Output the data word for word, dropping every image.

#### AVAILABLE DATA:
BEGIN

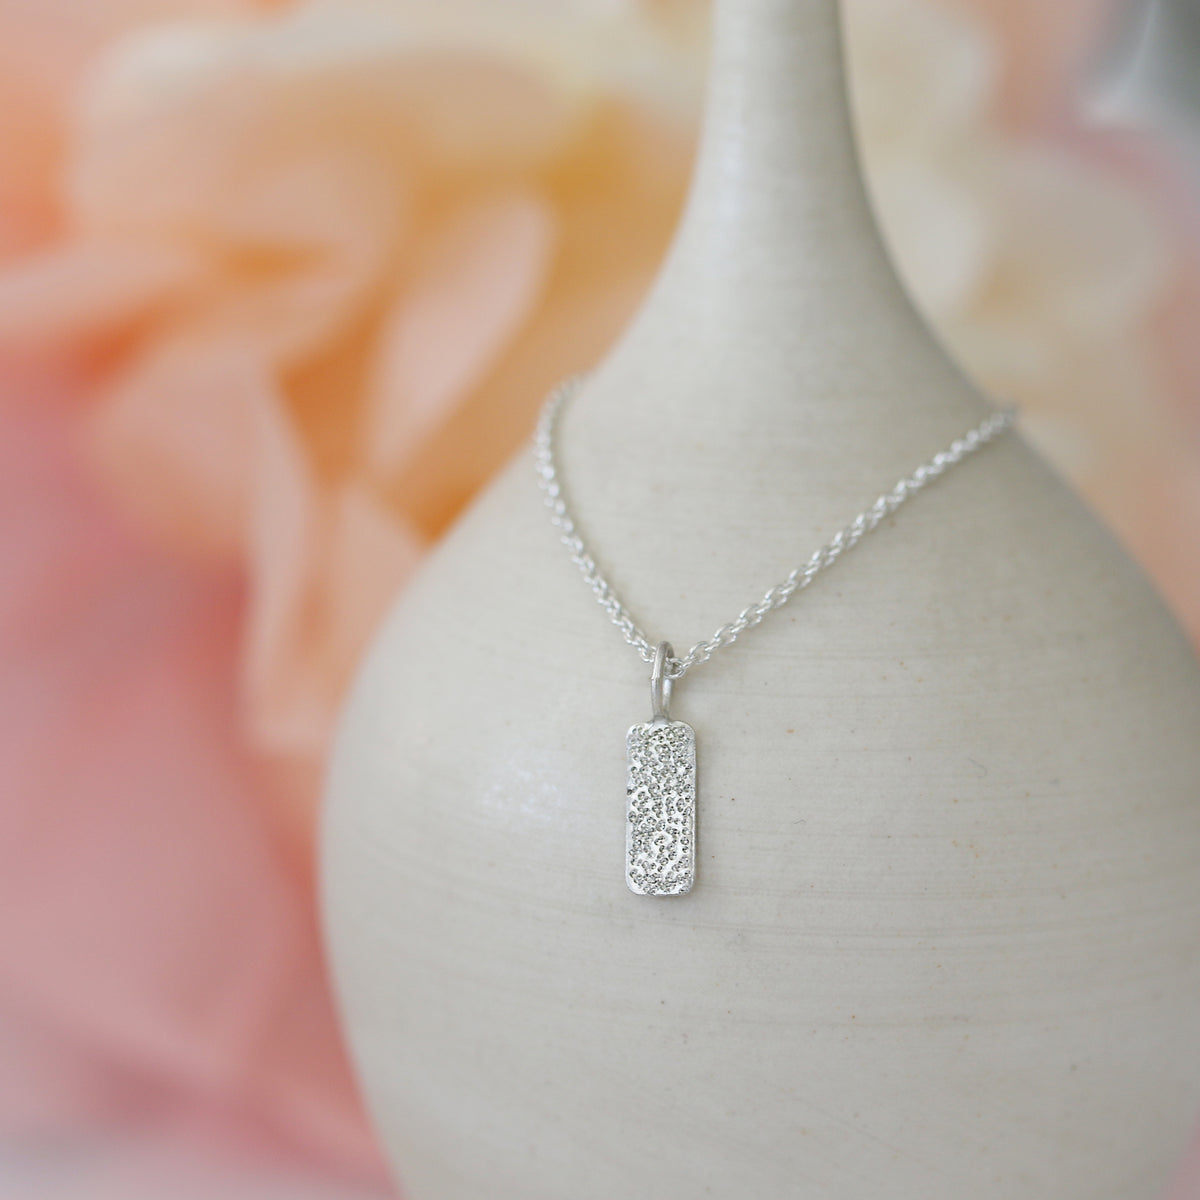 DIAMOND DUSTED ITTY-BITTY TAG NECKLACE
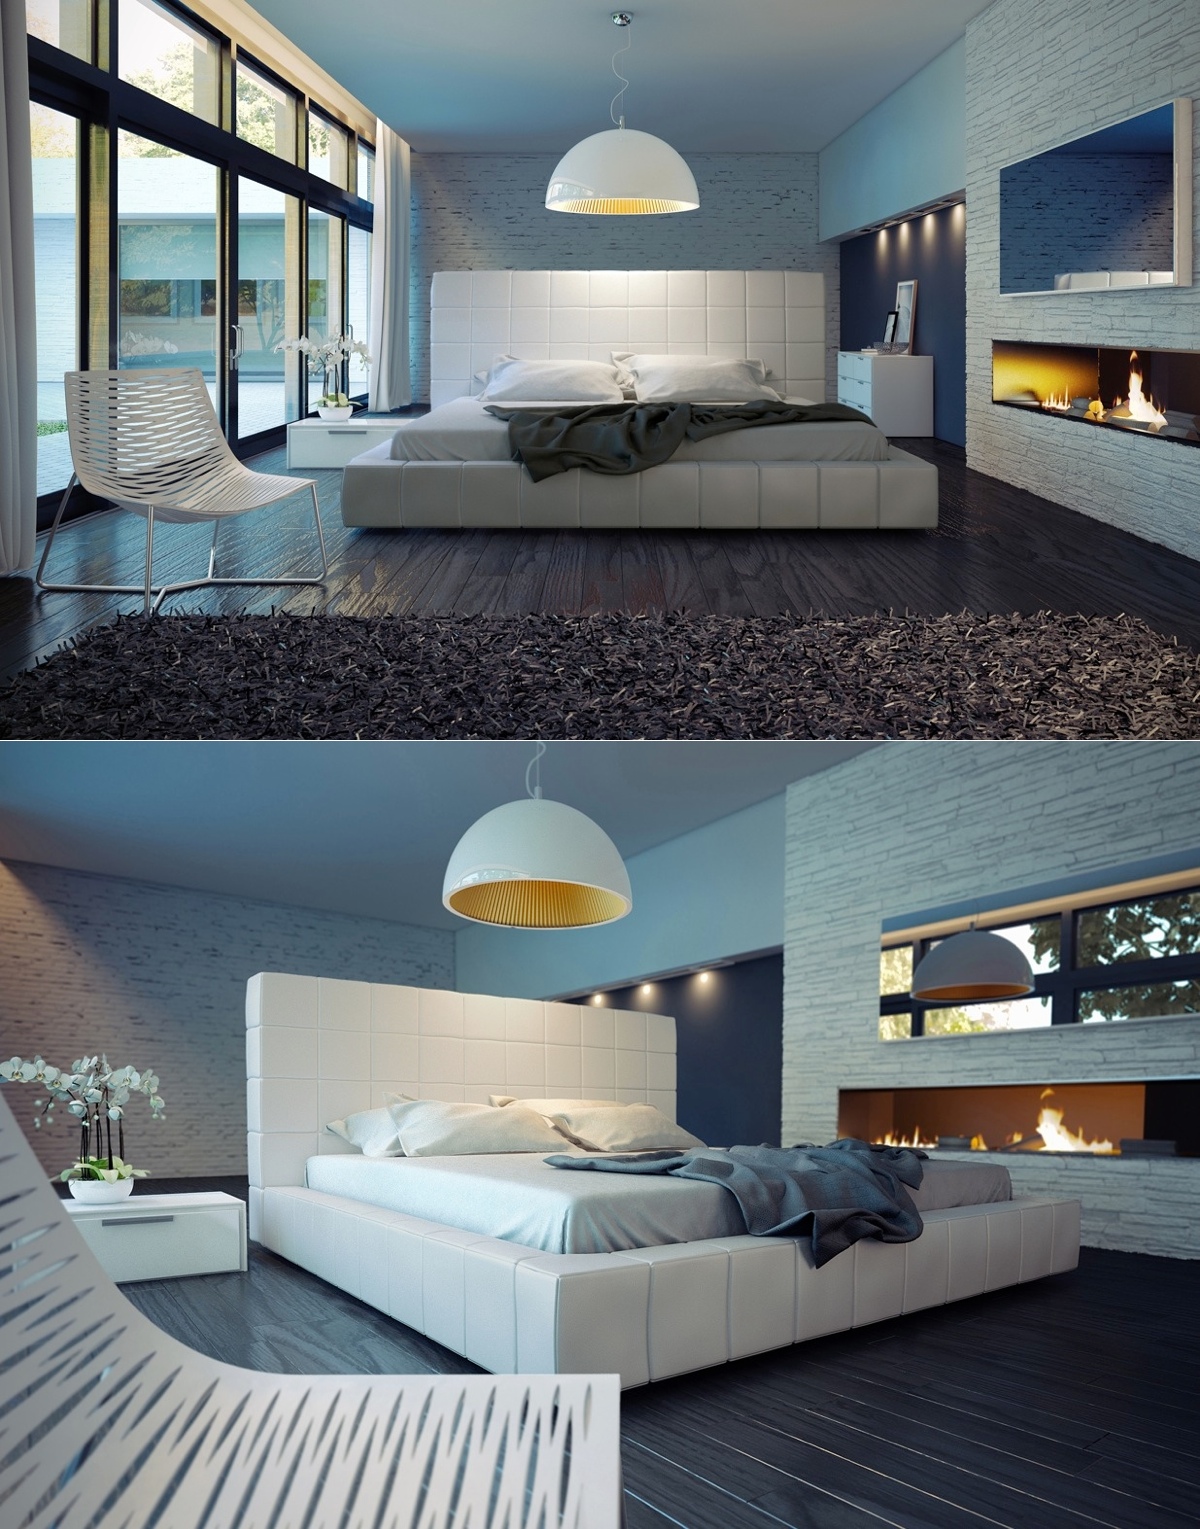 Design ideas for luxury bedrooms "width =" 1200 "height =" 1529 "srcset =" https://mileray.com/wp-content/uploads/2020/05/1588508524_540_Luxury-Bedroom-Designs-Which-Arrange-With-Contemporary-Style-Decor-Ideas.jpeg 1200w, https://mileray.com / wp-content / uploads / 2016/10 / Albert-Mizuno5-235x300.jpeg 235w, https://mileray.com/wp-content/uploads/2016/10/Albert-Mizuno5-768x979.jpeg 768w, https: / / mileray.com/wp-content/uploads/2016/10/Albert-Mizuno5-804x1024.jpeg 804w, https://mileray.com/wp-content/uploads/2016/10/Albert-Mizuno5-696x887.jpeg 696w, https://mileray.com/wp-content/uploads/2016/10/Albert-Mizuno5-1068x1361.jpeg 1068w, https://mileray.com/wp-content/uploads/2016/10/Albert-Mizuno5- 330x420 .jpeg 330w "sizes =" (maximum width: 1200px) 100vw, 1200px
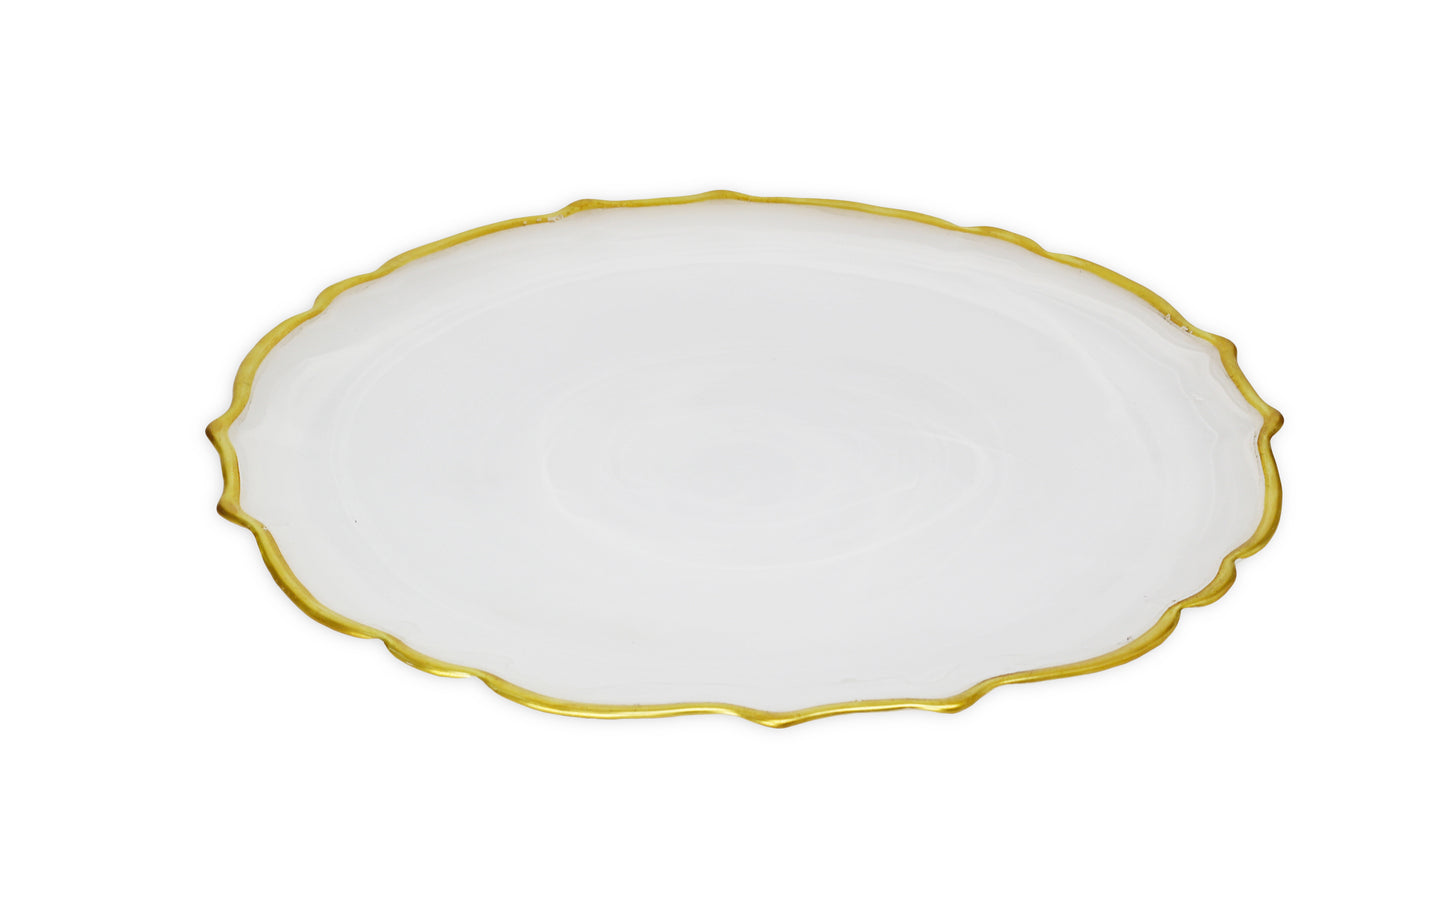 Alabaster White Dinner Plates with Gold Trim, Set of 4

END

#### COMPLETED EXERCISE:
 DIAMOND DUSTED ITTY-BITTY TAG NECKLACE
 Design ideas for luxury bedrooms "width =" 1200 "height =" 1529 "srcset =" https://mileray.com/wp-content/uploads/2020/05/1588508524_540_Luxury-Bedroom-Designs-Which-Arrange-With-Contemporary-Style-Decor-Ideas.jpeg 1200w, https://mileray.com / wp-content / uploads / 2016/10 / Albert-Mizuno5-235x300.jpeg 235w, https://mileray.com/wp-content/uploads/2016/10/Albert-Mizuno5-768x979.jpeg 768w, https: / / mileray.com/wp-content/uploads/2016/10/Albert-Mizuno5-804x1024.jpeg 804w, https://mileray.com/wp-content/uploads/2016/10/Albert-Mizuno5-696x887.jpeg 696w, https://mileray.com/wp-content/uploads/2016/10/Albert-Mizuno5-1068x1361.jpeg 1068w, https://mileray.com/wp-content/uploads/2016/10/Albert-Mizuno5- 330x420 .jpeg 330w "sizes =" (maximum width: 1200px) 100vw, 1200px
 Alabaster White Dinner Plates with Gold Trim, Set of 4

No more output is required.